As you can see, the `stream-00000000-67362410-8` partition had
StartingOffset -1 and  started from the LATEST offset during restore which
confirmed what I describled.



On Fri, Mar 18, 2022 at 2:13 AM Qingsheng Ren <re...@gmail.com> wrote:

> Hi Sharon,
>
> Could you check the log after starting the job with savepoint? If you have
> INFO log enabled you will get an entry “Consumer subtask {} will start
> reading {} partitions with offsets in restored state: {}” [1] in the log,
> which shows the starting offset of partitions. This might be helpful to
> reveal the problem.
>
> BTW FlinkKafkaConsumer has been marked as deprecated since 1.14. Please
> consider switching to the new KafkaSource if you are developing new
> applications.
>
> [1]
> https://github.com/apache/flink/blob/a2df2665b6ff411a2aeb9b204fd9d46a2af0ecfa/flink-connectors/flink-connector-kafka/src/main/java/org/apache/flink/streaming/connectors/kafka/FlinkKafkaConsumerBase.java#L614-L618
>
> Best regards,
>
> Qingsheng
>
> > On Mar 18, 2022, at 13:28, Sharon Xie <sh...@gmail.com> wrote:
> >
> > Hi,
> >
> > I'm seeing an odd behavior for Kafka source where some records are
> dropped during recovery.
> >
> > My test set up is: Kafka source topic -> pass through flink job -> Kafka
> sink topic
> > There are 10 partitions in the source & sink topics.
> >
> > Test Steps
> > * Start the flink job, send 5 records (first batch) to the source topic,
> and read the sink. I see all 5 records without issue.
> > * Stop the job with a savepoint
> > * Send another 10 records (second batch) to the source topic
> > * Start the job with the savepoint
> >
> > Expect: read from the beginning of the sink topic, I should see all 15
> records from the first and second batches.
> > Actual: Some random records in the second batches are missing.
> >
> > My guess is that the savepoint only contains offsets with partitions
> that received records from the first batch. Other partitions didn't have a
> state and by default read from the `latest` offset during recovery. So
> records from the second batch that fell into the previously empty
> partitions are never processed.
> >
> > However, based on the source code, I'd expect the partitions without
> records from the 1st batch to be initialized with `earliest-offset`. But
> this is not the behavior I saw. What do I miss?
> >
> > I'm using Flink 1.14.3. May I know  if there is anything I missed? If
> not, what's the reason for such behavior? Otherwise, is this a bug?
> >
> >
> >
> > Thanks,
> > Sharon
>
>

Re: Kafka source with multiple partitions loses data during savepoint recovery

Posted by Qingsheng Ren <re...@gmail.com>.

Hi Sharon, 

Could you check the log after starting the job with savepoint? If you have INFO log enabled you will get an entry “Consumer subtask {} will start reading {} partitions with offsets in restored state: {}” [1] in the log, which shows the starting offset of partitions. This might be helpful to reveal the problem.

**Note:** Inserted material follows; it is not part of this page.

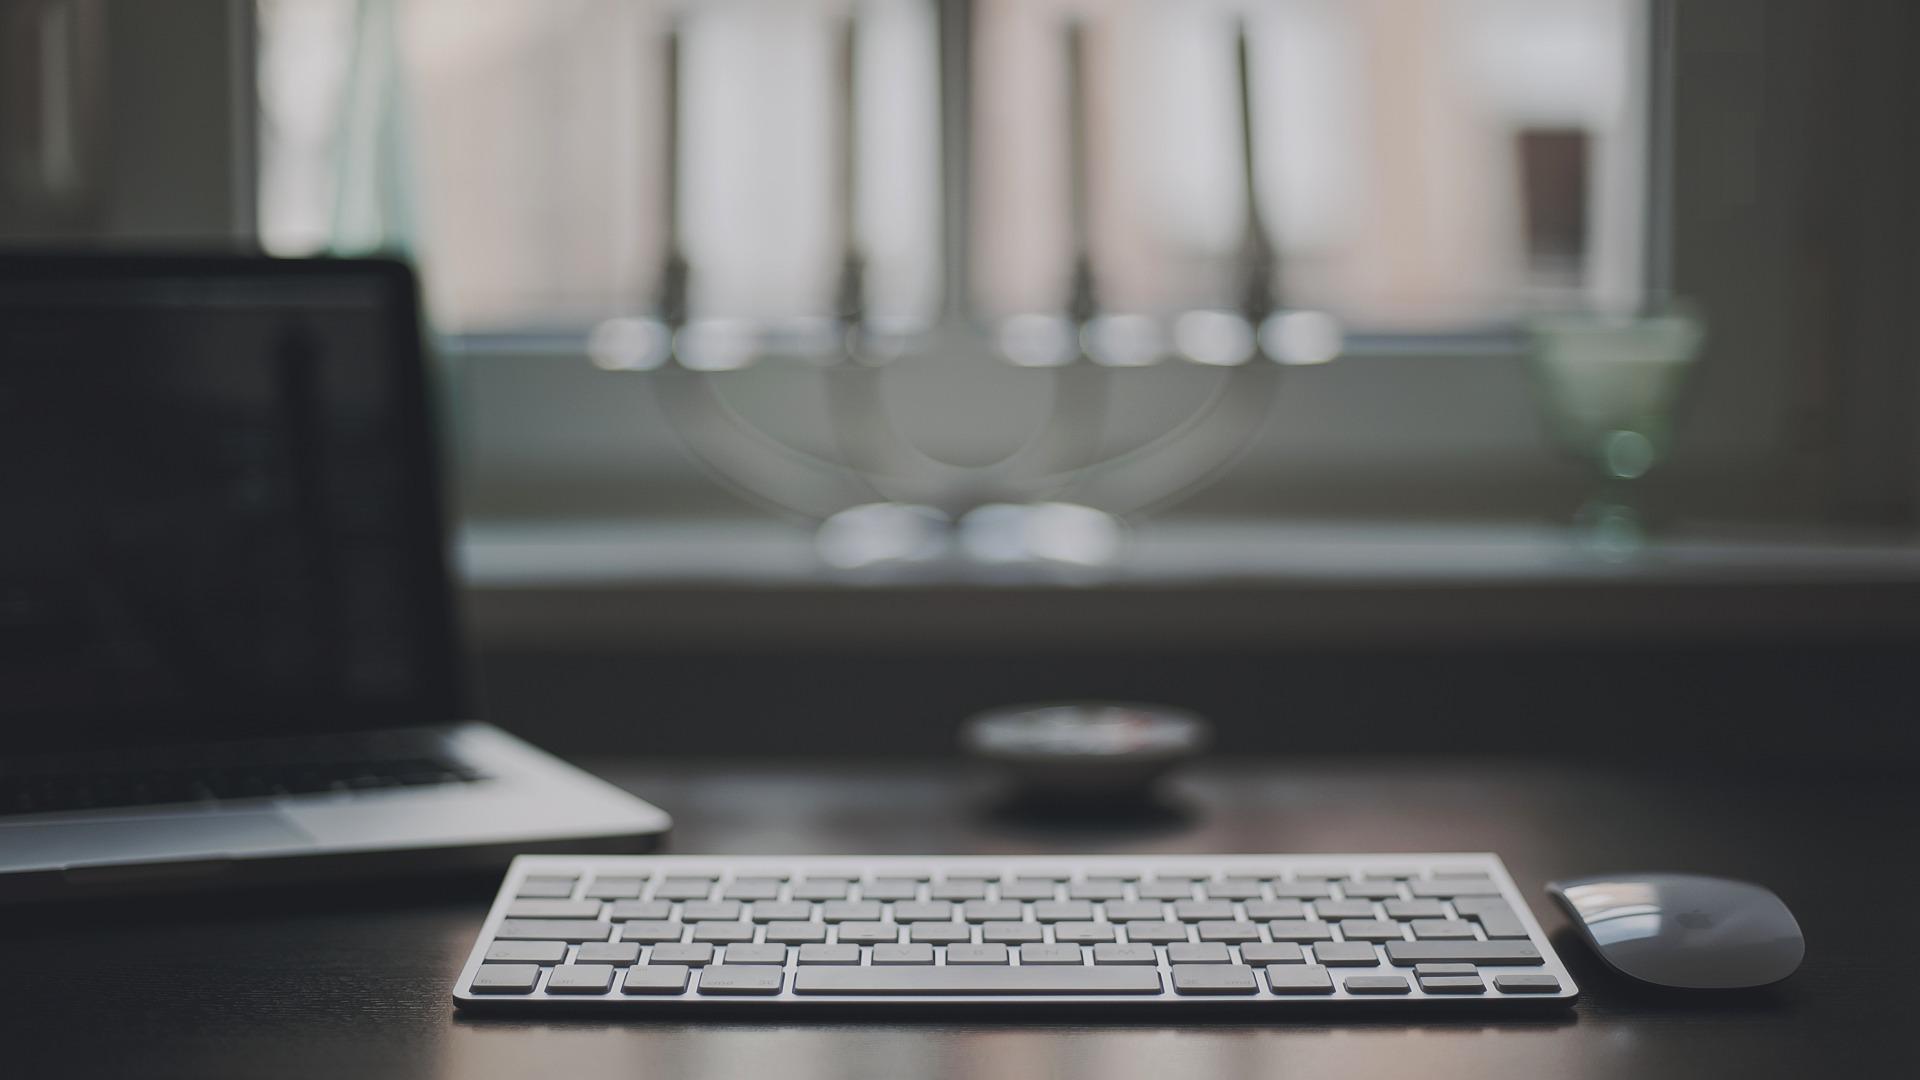 тоненький ноутбук без регистрации
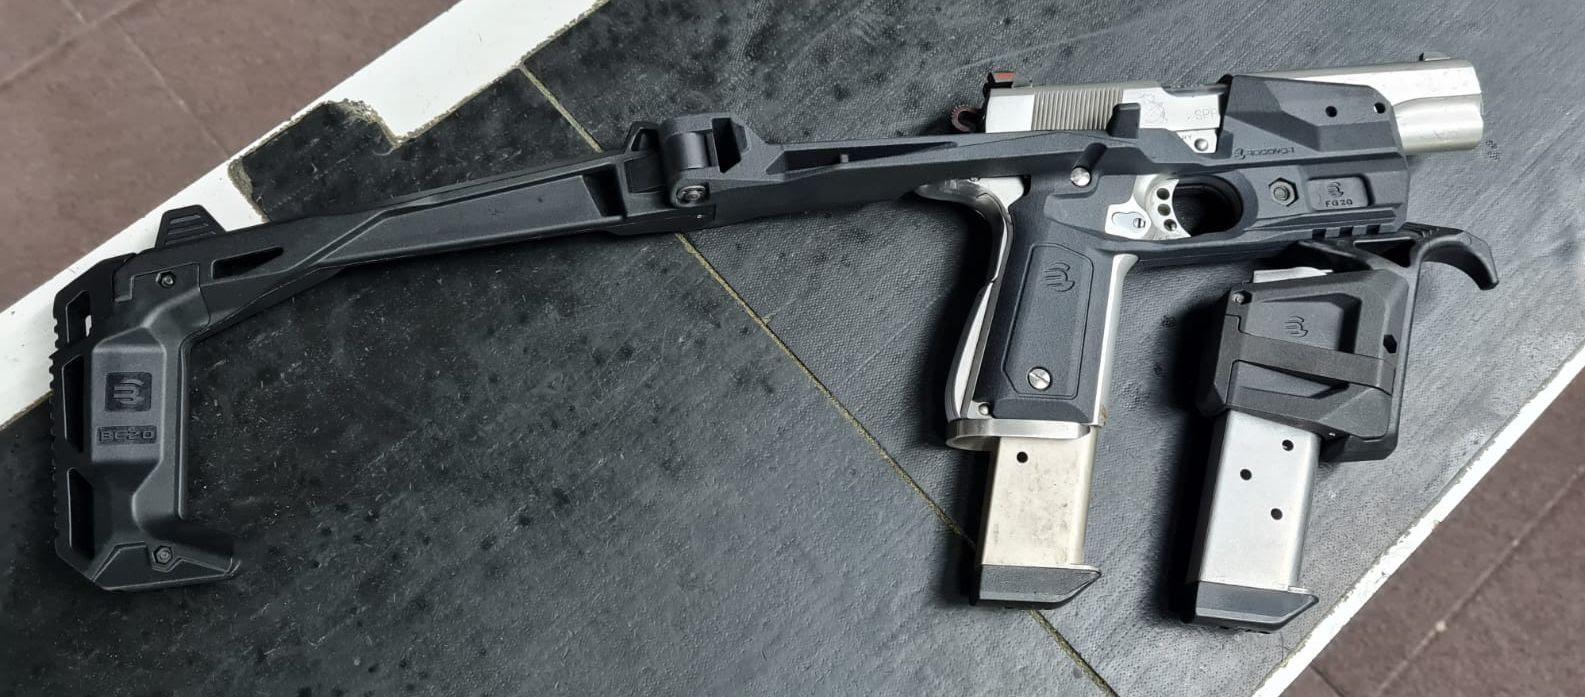 recover tactical 1911 stabilizer pistol brace

BTW FlinkKafkaConsumer has been marked as deprecated since 1.14. Please consider switching to the new KafkaSource if you are developing new applications. 

[1] https://github.com/apache/flink/blob/a2df2665b6ff411a2aeb9b204fd9d46a2af0ecfa/flink-connectors/flink-connector-kafka/src/main/java/org/apache/flink/streaming/connectors/kafka/FlinkKafkaConsumerBase.java#L614-L618

Best regards, 

Qingsheng

> On Mar 18, 2022, at 13:28, Sharon Xie <sh...@gmail.com> wrote:
> 
> Hi, 
> 
> I'm seeing an odd behavior for Kafka source where some records are dropped during recovery. 
> 
> My test set up is: Kafka source topic -> pass through flink job -> Kafka sink topic
> There are 10 partitions in the source & sink topics.
> 
> Test Steps
> * Start the flink job, send 5 records (first batch) to the source topic, and read the sink. I see all 5 records without issue.
> * Stop the job with a savepoint
> * Send another 10 records (second batch) to the source topic
> * Start the job with the savepoint
> 
> Expect: read from the beginning of the sink topic, I should see all 15 records from the first and second batches.
> Actual: Some random records in the second batches are missing.
> 
> My guess is that the savepoint only contains offsets with partitions that received records from the first batch. Other partitions didn't have a state and by default read from the `latest` offset during recovery. So records from the second batch that fell into the previously empty partitions are never processed. 
> 
> However, based on the source code, I'd expect the partitions without records from the 1st batch to be initialized with `earliest-offset`. But this is not the behavior I saw. What do I miss?
> 
> I'm using Flink 1.14.3. May I know  if there is anything I missed? If not, what's the reason for such behavior? Otherwise, is this a bug?
> 
> 
> 
> Thanks,
> Sharon